Copy task for the material below: print the line with "Georgien - Georgia" and every line after it to the end, exactly as written, without the pictures.

Start of Records provided

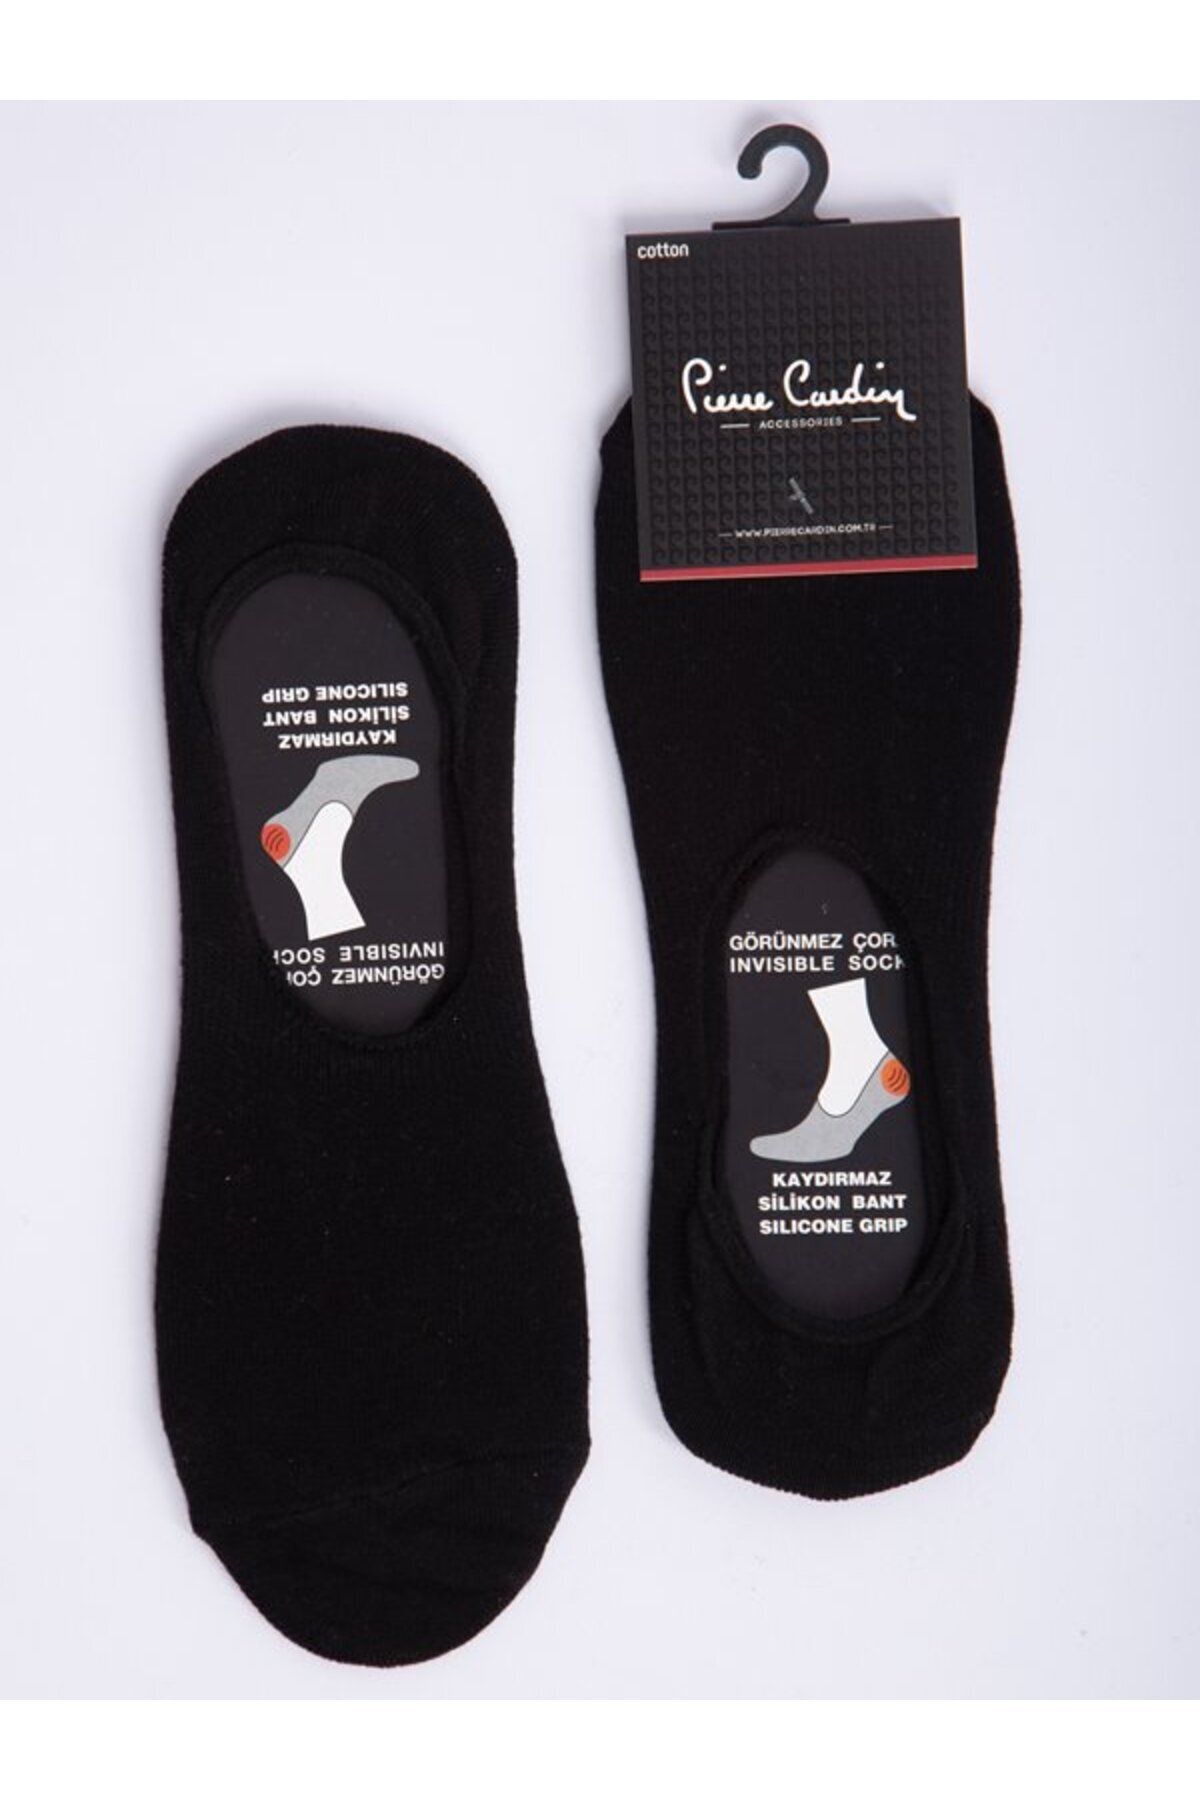 Pierre Cardin Pamuk 6’lı Siyah Slikon Bantlı Kaymaz Babet Çorap Pc-400
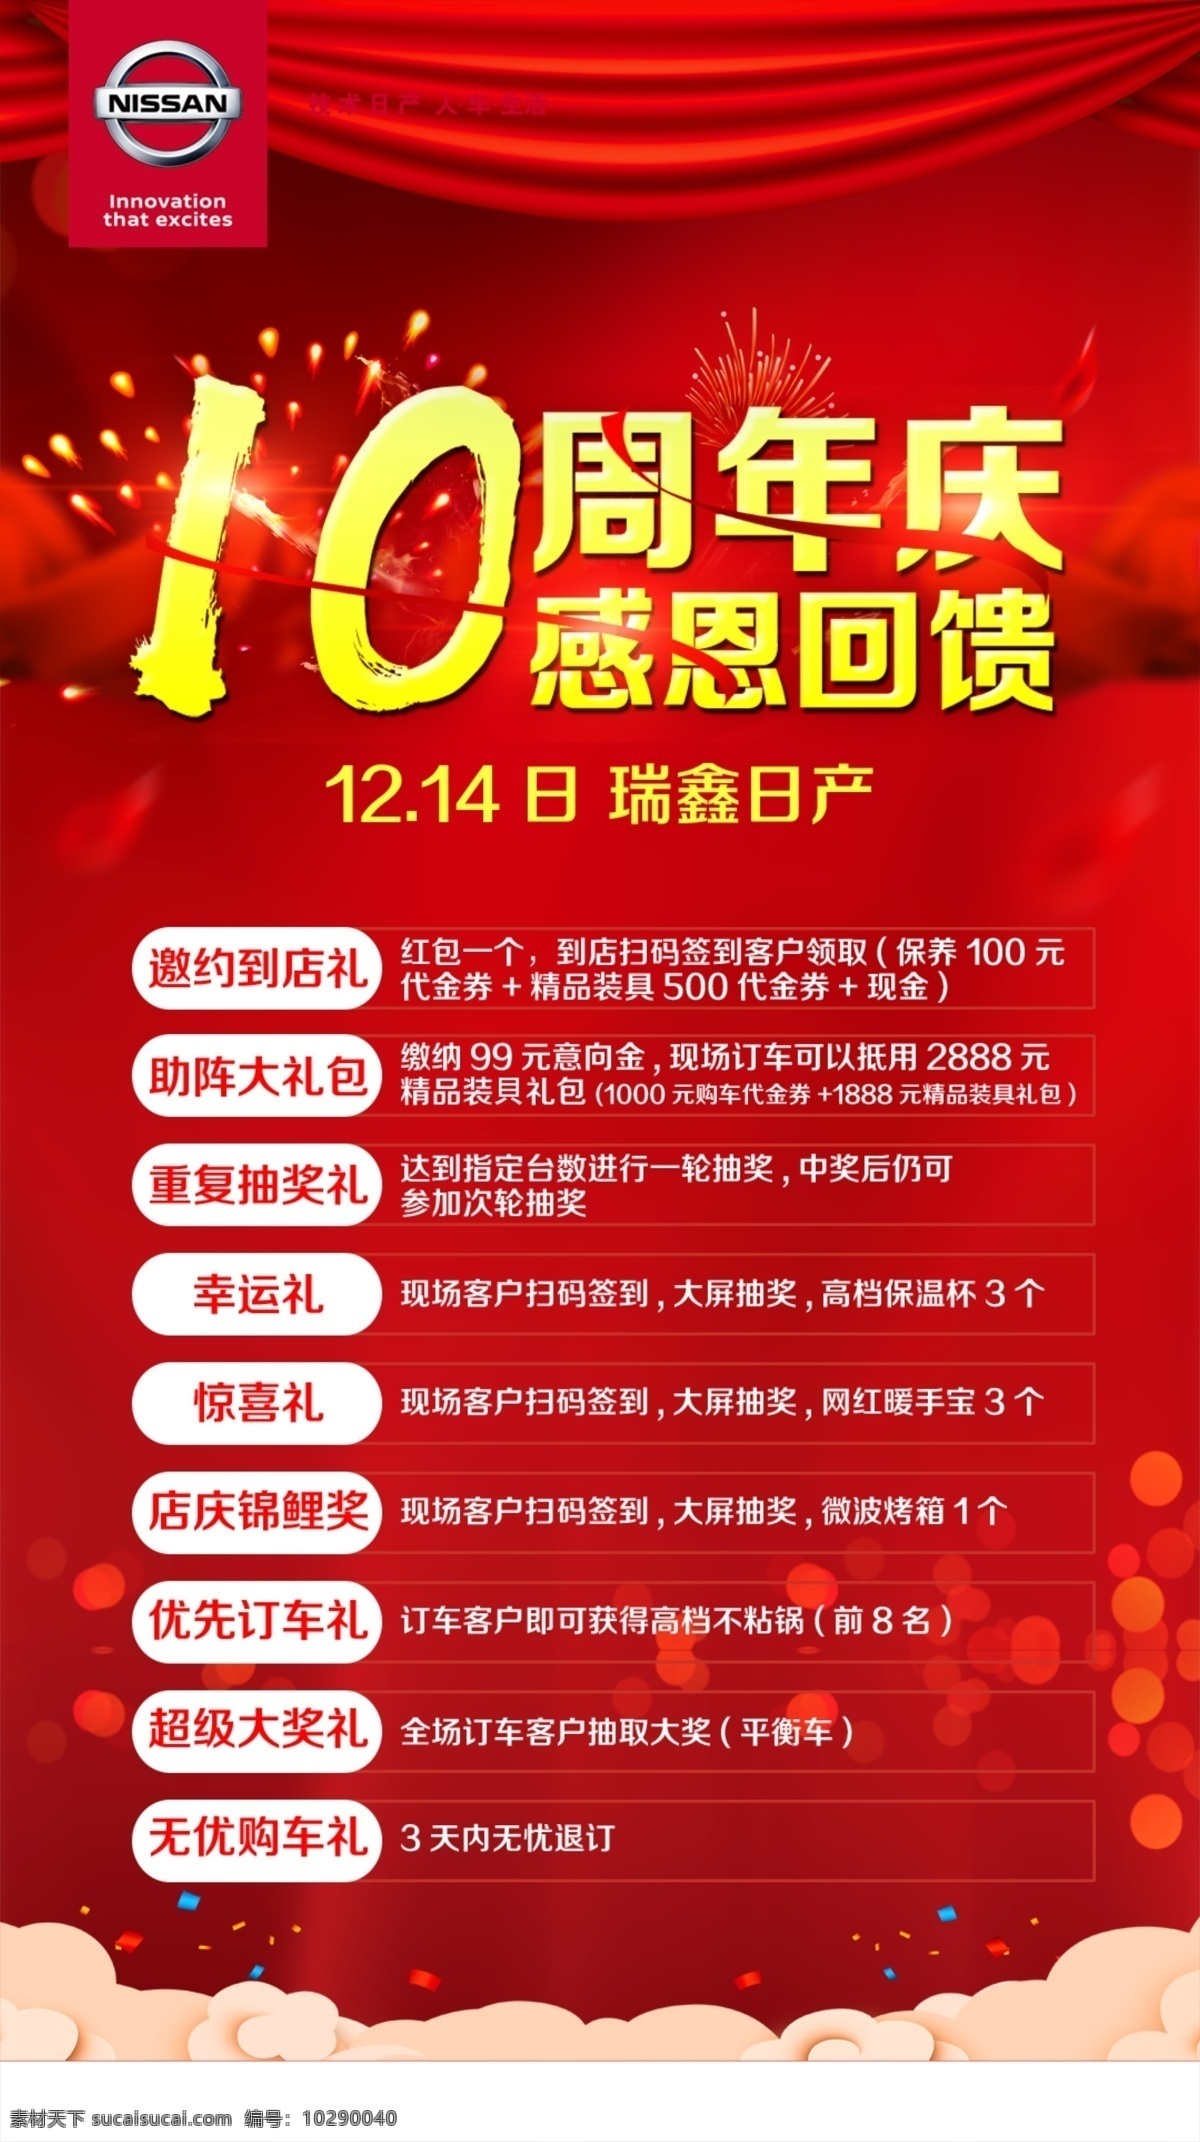 周年店庆海报 周年 店庆 海报 传播图 朋友圈 红色 汽车 写真 回馈
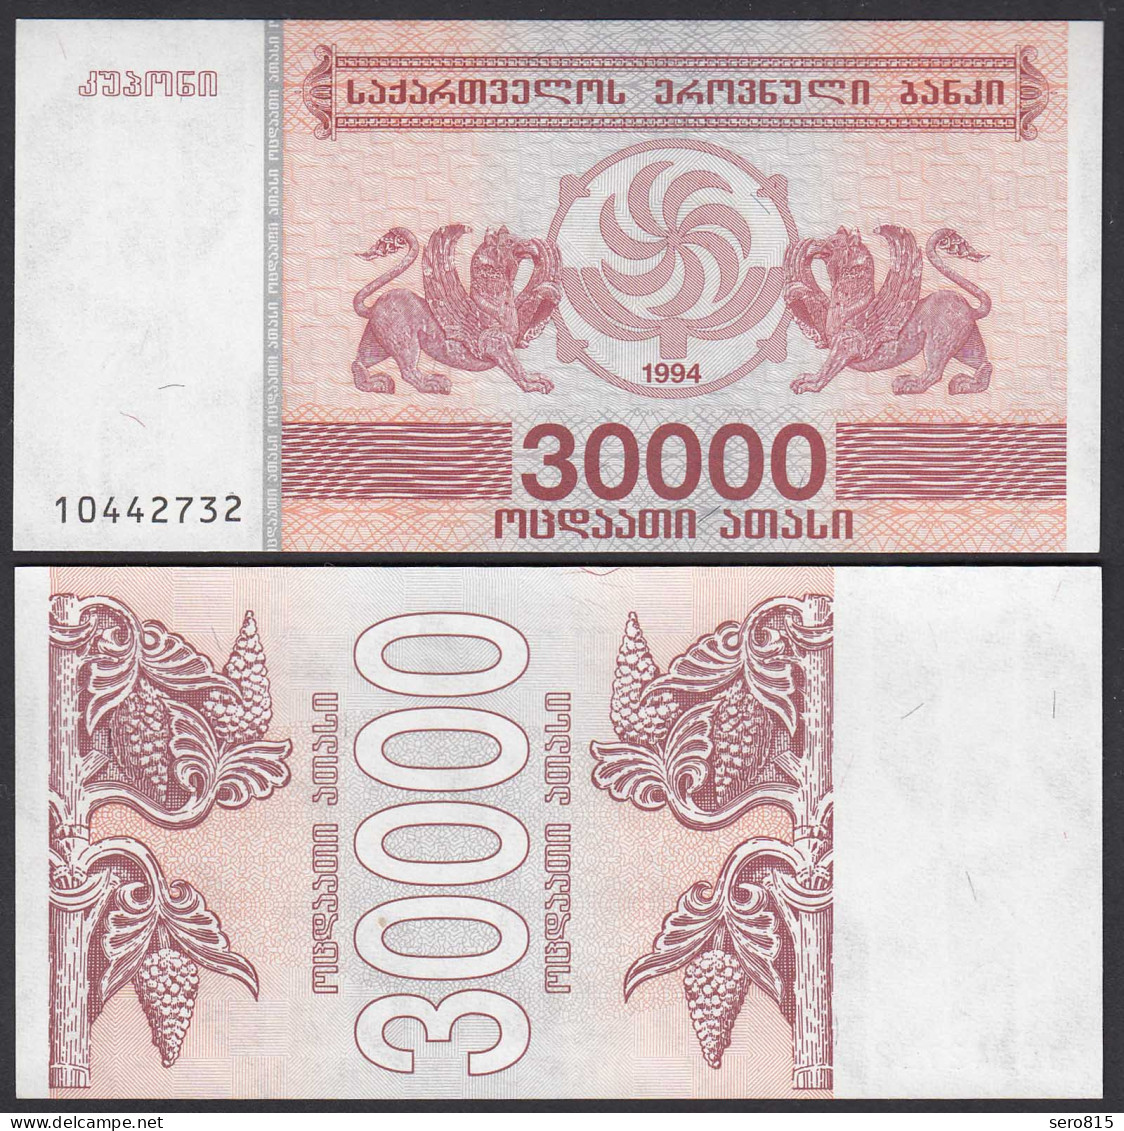  Georgien - Georgia 30000 30.000 Lari 1994 Pick 47 UNC (1)    (25577 - Sonstige – Asien
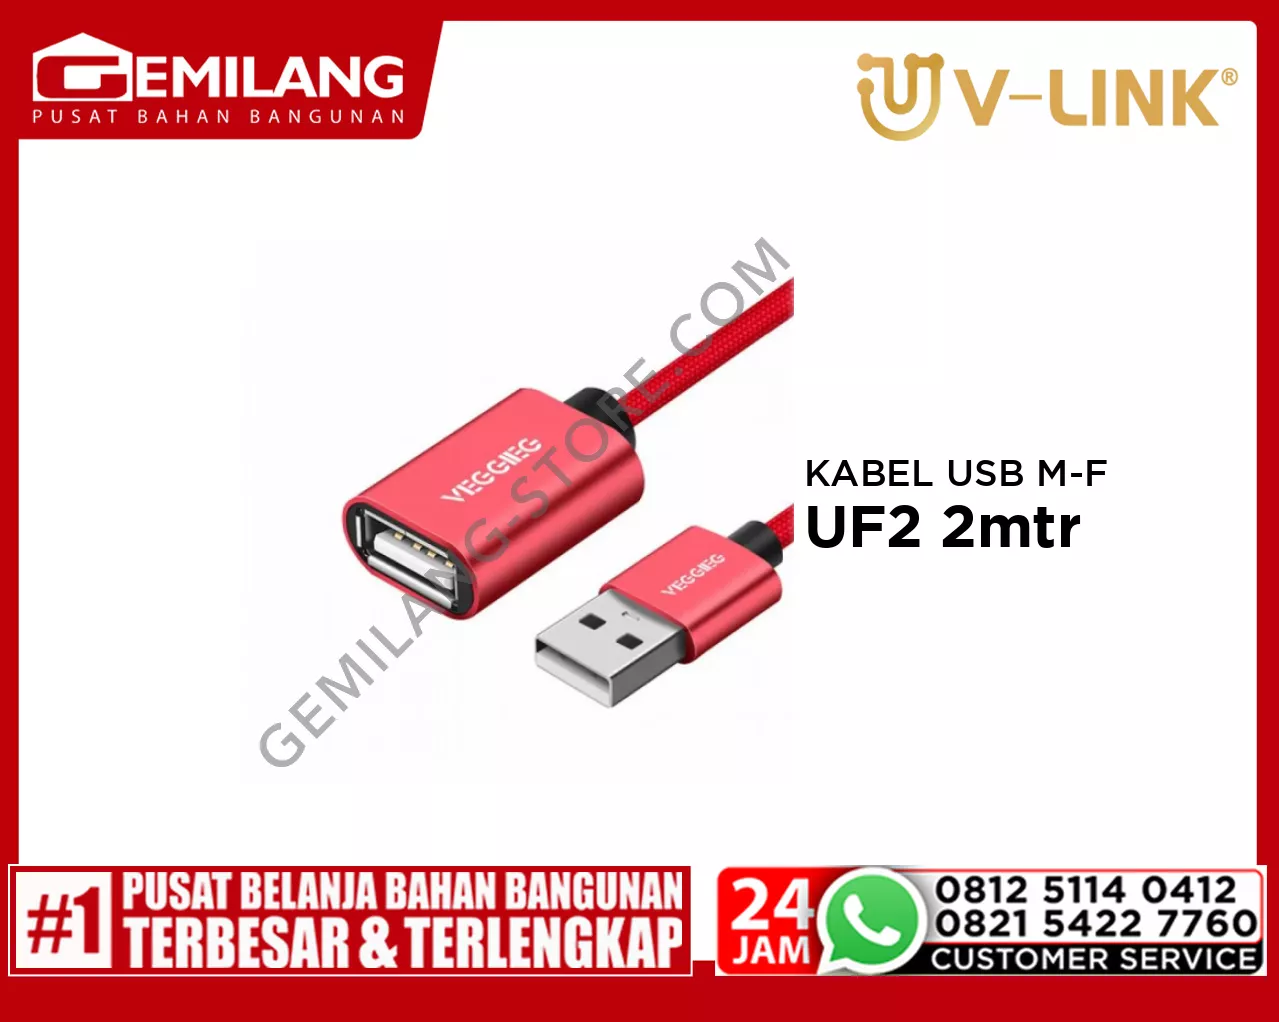 V-LINK KABEL USB MALE TO FEMALE VEGGIEG UF2 2mtr
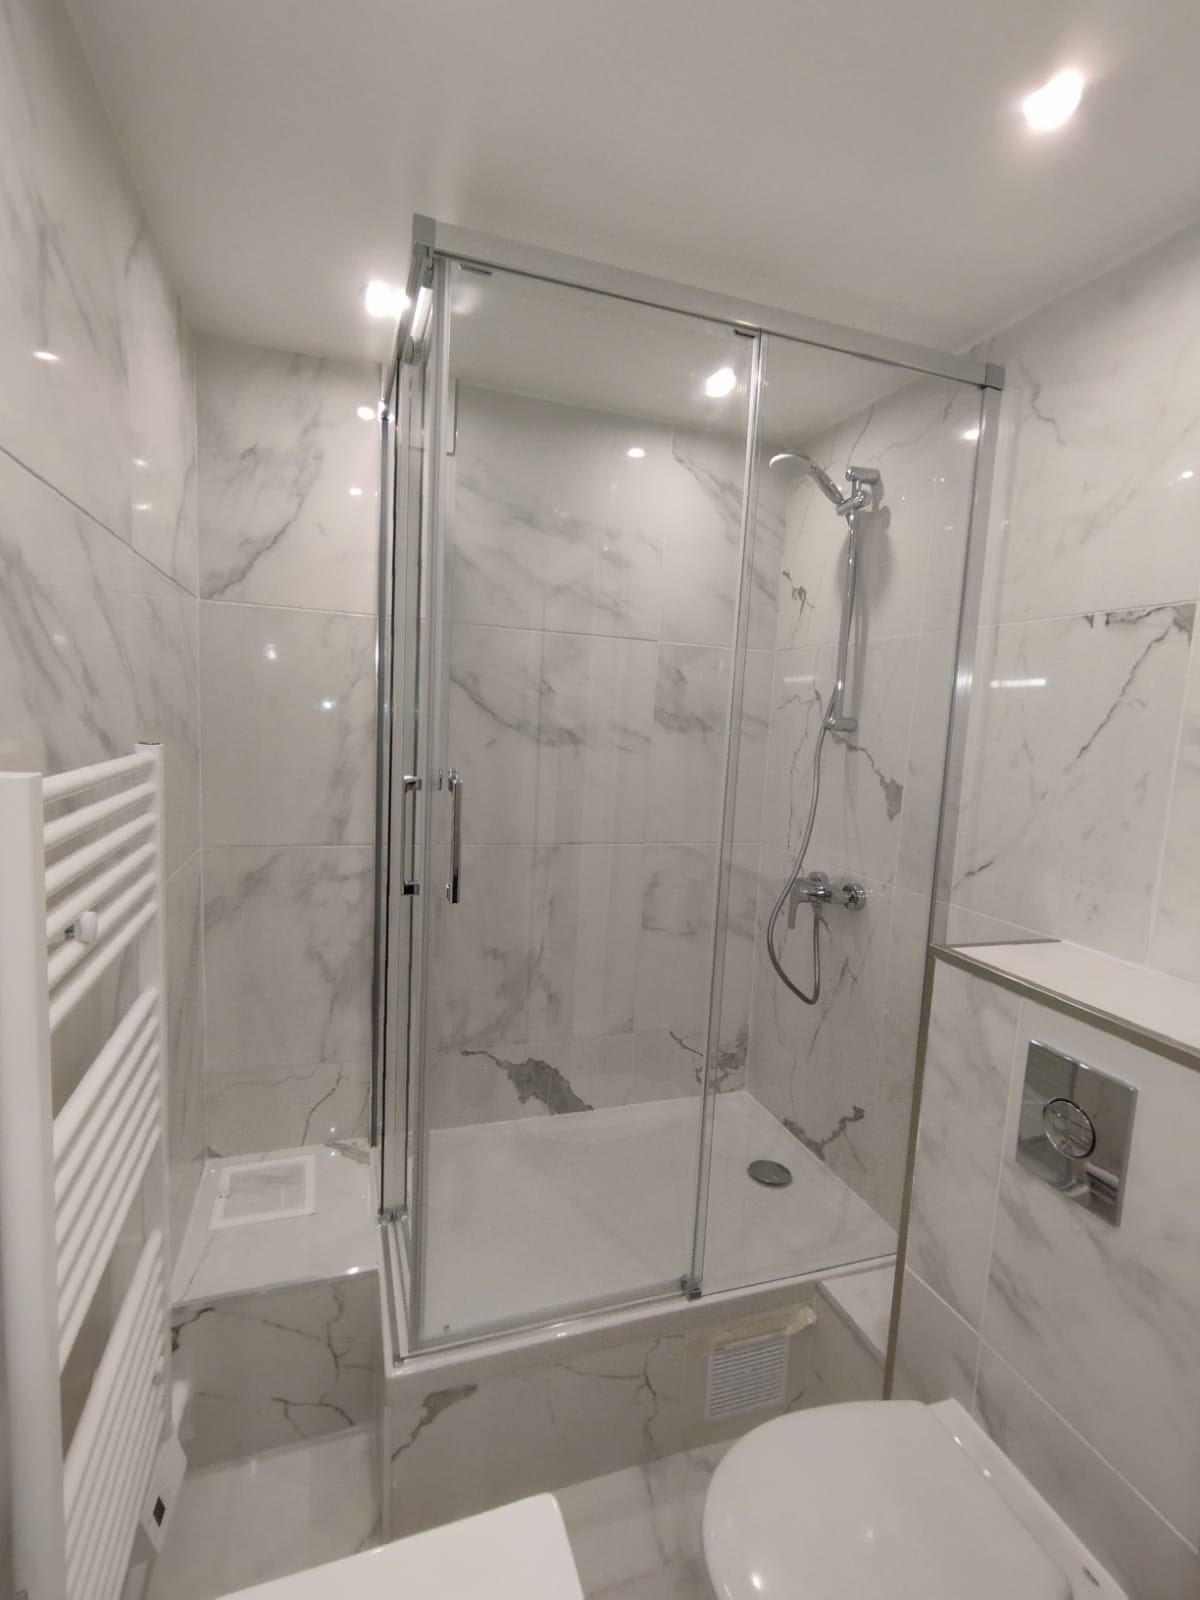 Douche|Dépose baignoire et installation douche 80x120cm , 10m² de carrelage,robinneterie et pare douche à Paris 75015 , Budget 7200€.

End of Records provided

**Exercise solution**
  Georgien - Georgia 30000 30.000 Lari 1994 Pick 47 UNC (1)    (25577 - Sonstige – Asien
 V-LINK KABEL USB MALE TO FEMALE VEGGIEG UF2 2mtr
 Douche|Dépose baignoire et installation douche 80x120cm , 10m² de carrelage,robinneterie et pare douche à Paris 75015 , Budget 7200€.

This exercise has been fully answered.